-- Provided information follows --

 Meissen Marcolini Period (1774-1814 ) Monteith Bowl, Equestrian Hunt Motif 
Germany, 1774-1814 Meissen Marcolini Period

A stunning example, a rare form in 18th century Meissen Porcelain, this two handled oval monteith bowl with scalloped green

-- Provided information concluded --
-- Provided information follows --

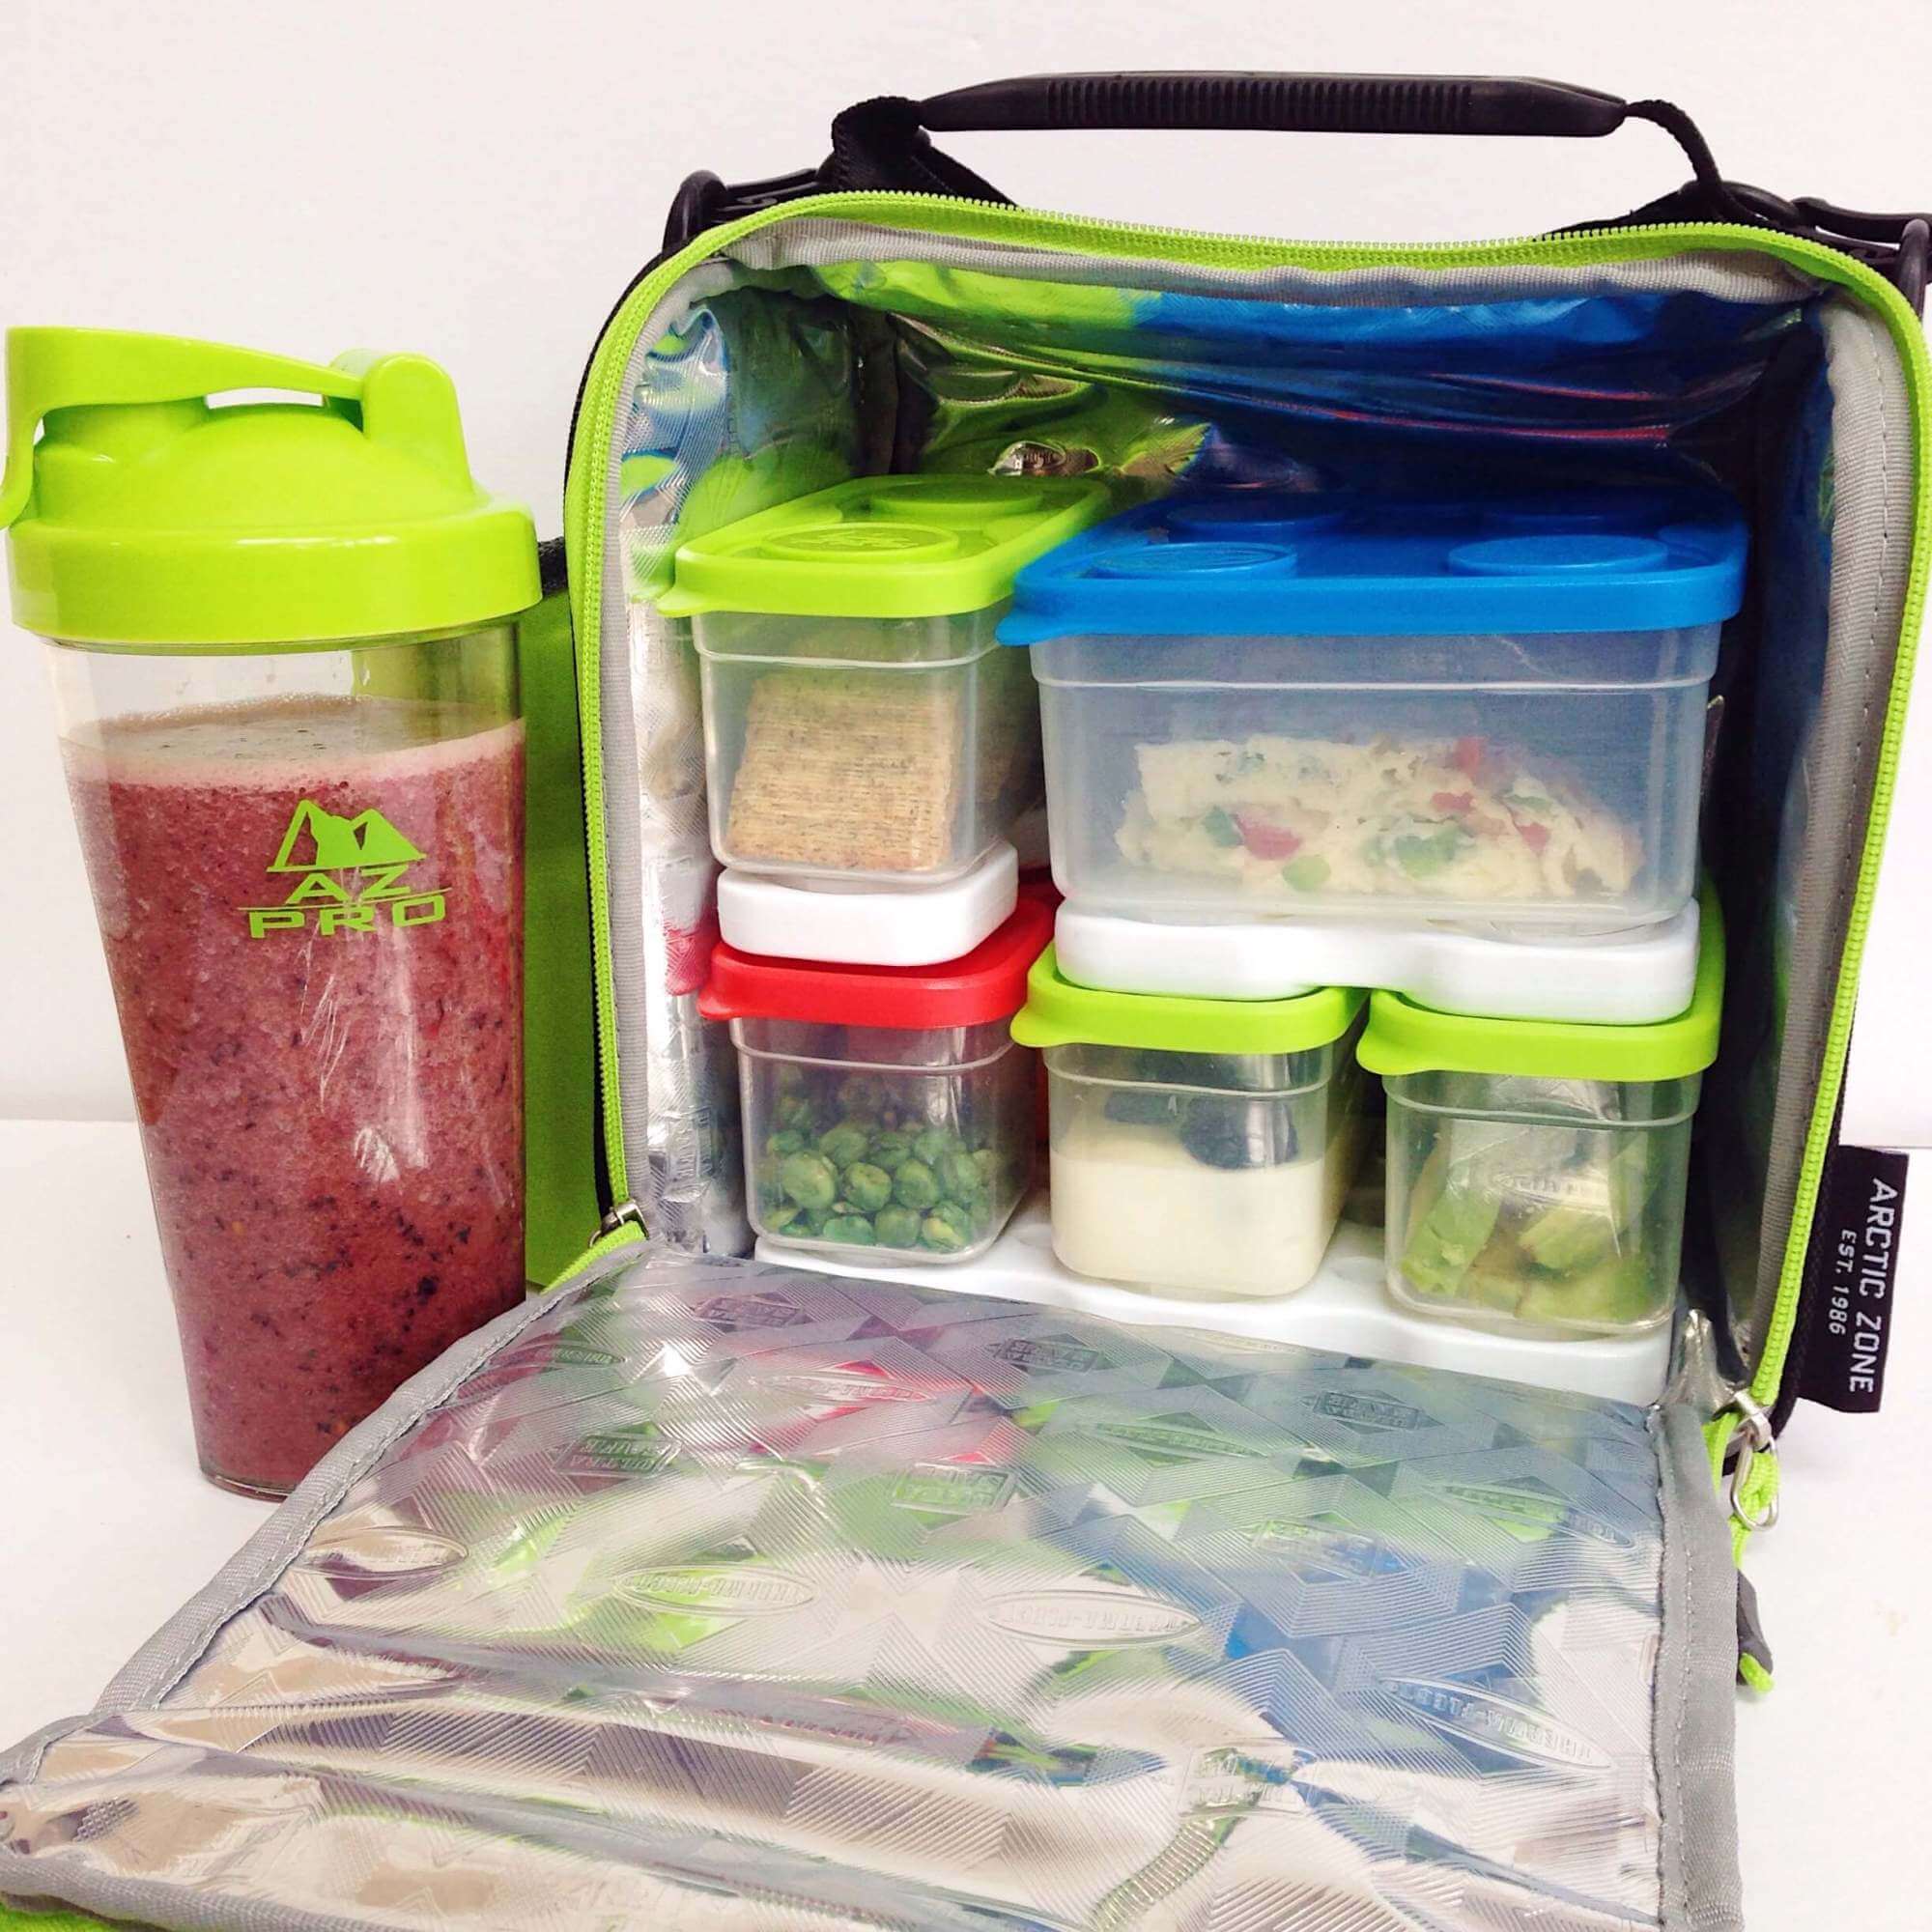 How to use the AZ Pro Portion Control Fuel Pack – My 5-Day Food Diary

-- Provided information concluded --

* **Work to complete**
Go through the listing above and find each line containing the string "Marcolini"; copy those lines.

* **Written answer**
 Meissen Marcolini Period (1774-1814 ) Monteith Bowl, Equestrian Hunt Motif 
Germany, 1774-1814 Meissen Marcolini Period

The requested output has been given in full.